Священники вошли: один тихой, кошачьей поступью католического ксендза, другой – суровой походкой фанатика, осудившего на сожжение Савонаролу. Оба подошли к креслу больного.

– Приидите ко мне все страждующие и обремененные и аз успокою вас… – начал свое слово киевский академик.

– Грозен Бог во гневе своем!.. – начал говорить потомок древних римлян и фанатический представитель восточного православия.

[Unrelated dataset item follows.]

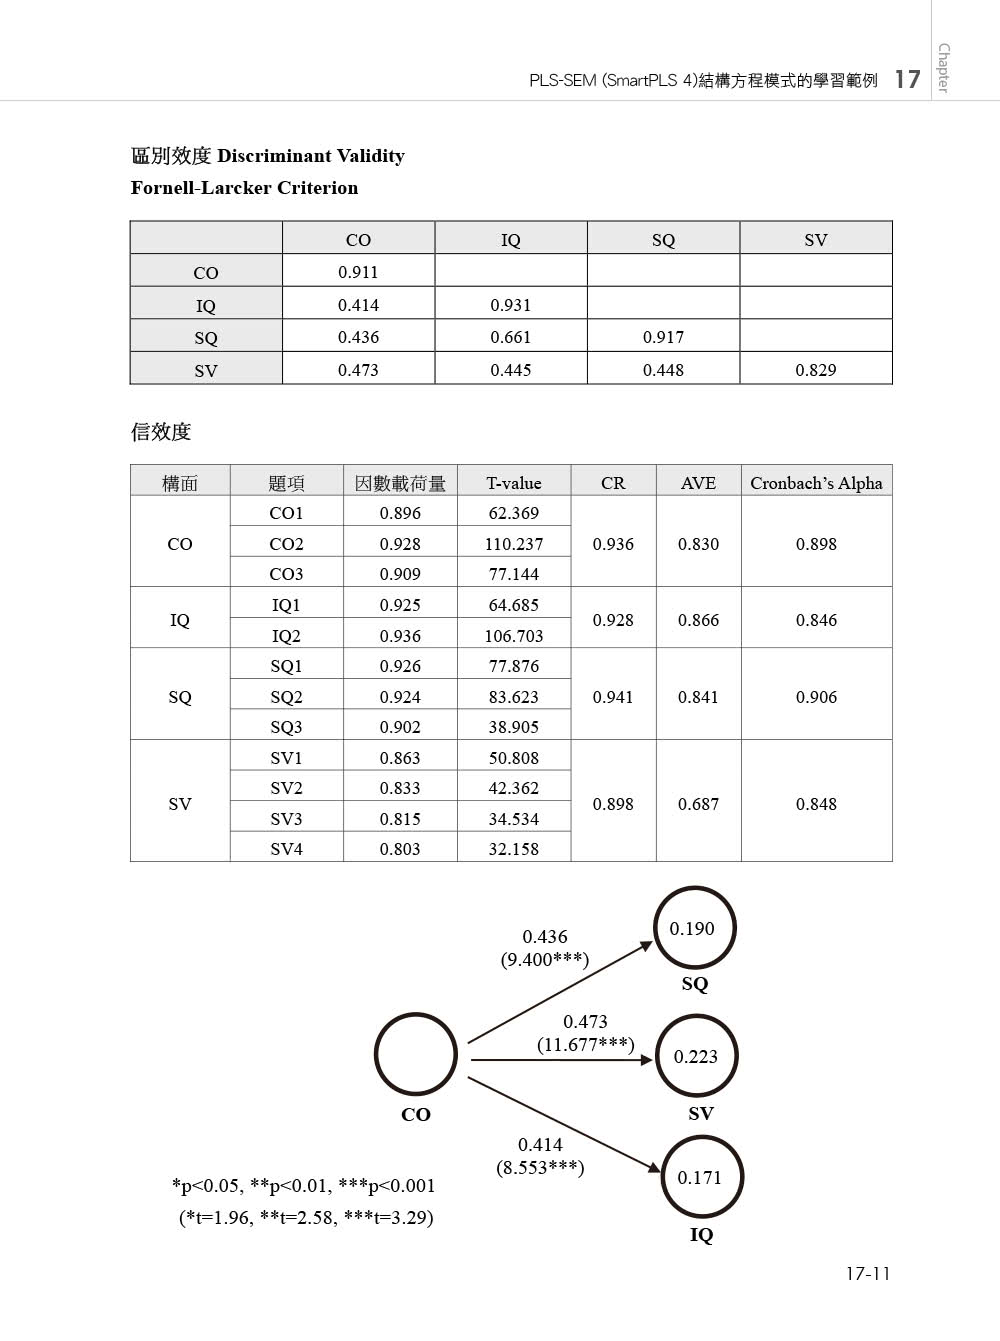 統計分析入門與應用--SPSS中文版+SmartPLS 4（PLS-SEM）第四版
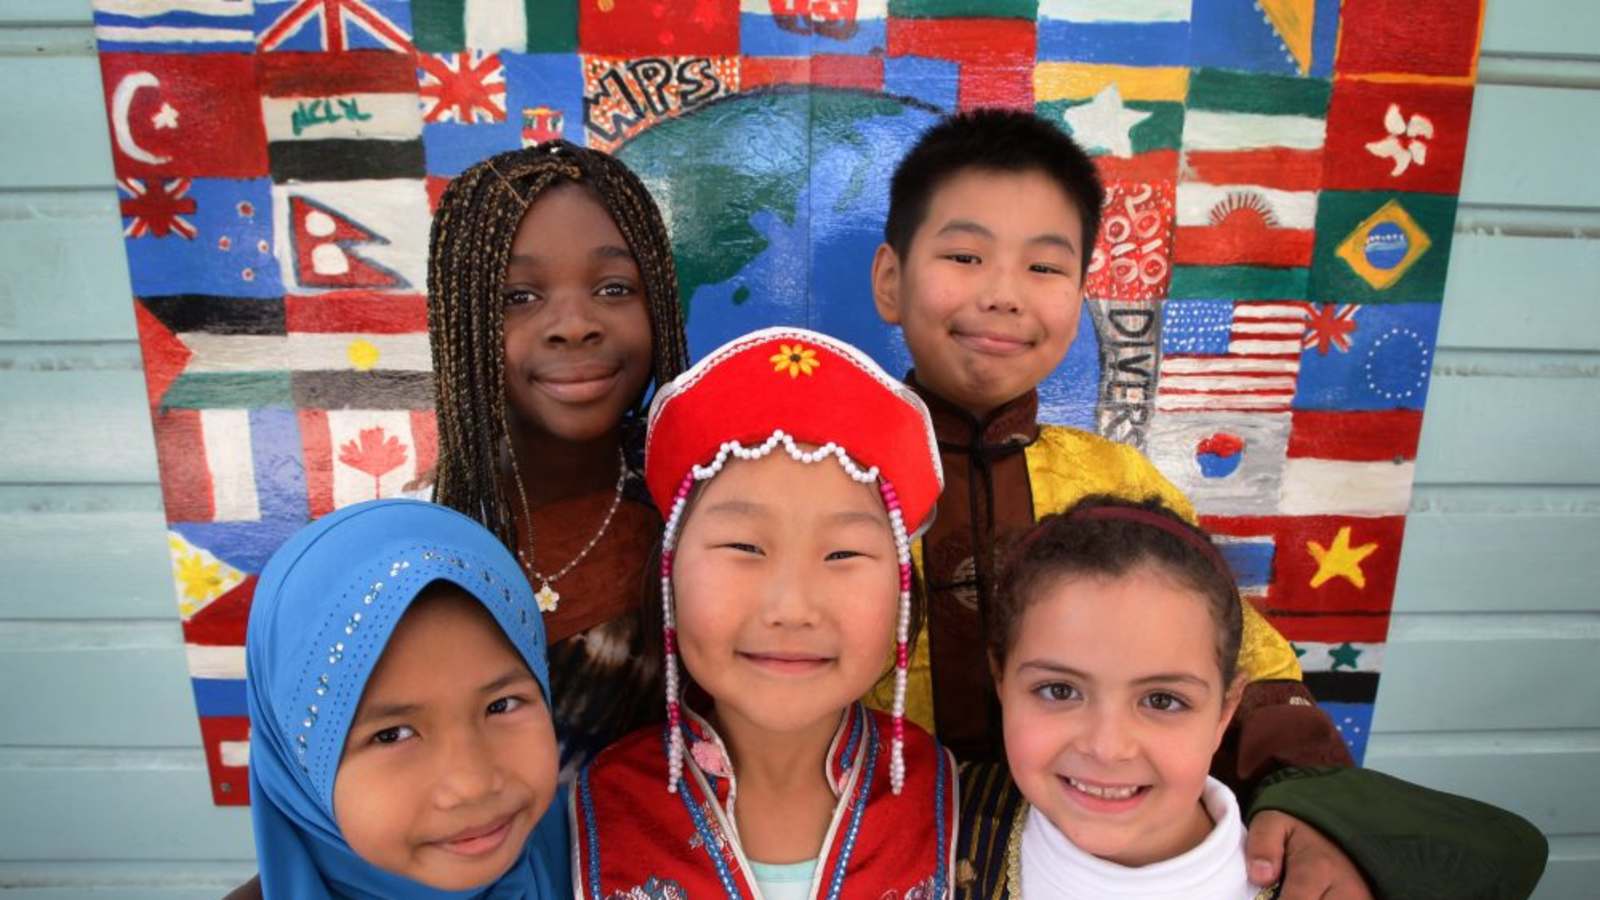 色々な国の国旗と世界地図が描かれている布の前で様々な衣装を着た4人の子供がいる写真

Андрей Дмитриевич остановил их.

– Э-эх! И рад бы идти, да ноги не ходят! – шутливо отвечал он киевскому ритору. – Видите, опухли так, словно колоды лежат. Доктора говорят: от того, что крови много выпустили. Странное дело, стали полнее оттого, что много взяли! Ну да бог с ними! Мне от их объяснения не легче!

Затем он обратился к грозному молдаванину и отвечал смиренно:

– Чувствую гнев Божий, но надеюсь на его милосердие! – И после продолжал, обращаясь к обоим: – О, безверие, грех мой! Если бы в ваших словах, святой отец, была сила слов нашего Божественного учителя, то, разумеется, я взял бы одр свой и пошел, склоняясь всею душой моею перед величием Божьего милосердия. Но мне, неверующему грешнику, не суждено испытать на себе чуда Божьей милости, поэтому, с раскаянием и молитвой, я должен ждать себе призыва на грозный суд… Вот княжна, заботясь о душе больного собрата и не желая допустить его погибнуть вконец без покаяния, пригласила вас ко мне для напутствия при переходе в лучший мир. И я прошу вас о том, чтобы направить мою душу к истинному свету мудрости и вашими святыми молитвами напутствовать мое грешное тело к месту его последнего успокоения. Но как я не желаю торопиться посылать душу свою в горние селения и хочу сколь можно долее удержать ее в этом бренном теле, то и прошу вас, святые отцы, обождать несколько с своими советами и молитвами. Едва же только я почувствую, что требование свыше за моею душою уже пришло, я сейчас же пошлю за вами и отдам вам всего себя для вашего напутствия. Для того же, чтобы вам было не скучно дожидаться этого призыва, мой племянник распорядится доставить вам средства в этом ожидании пристойно развлечь себя. А ваши слова и заботу обо мне я принимаю близко к сердцу, душевно благодарю и непременно постараюсь явиться на той стороне берегов Стикса, – не то! проклятая привычка вечно обращаться к изящным вымыслам Древней Греции, – явиться перед Архангелом с его огненным мечом, охраняющим двери рая, в полном всеоружии греко-российского православия.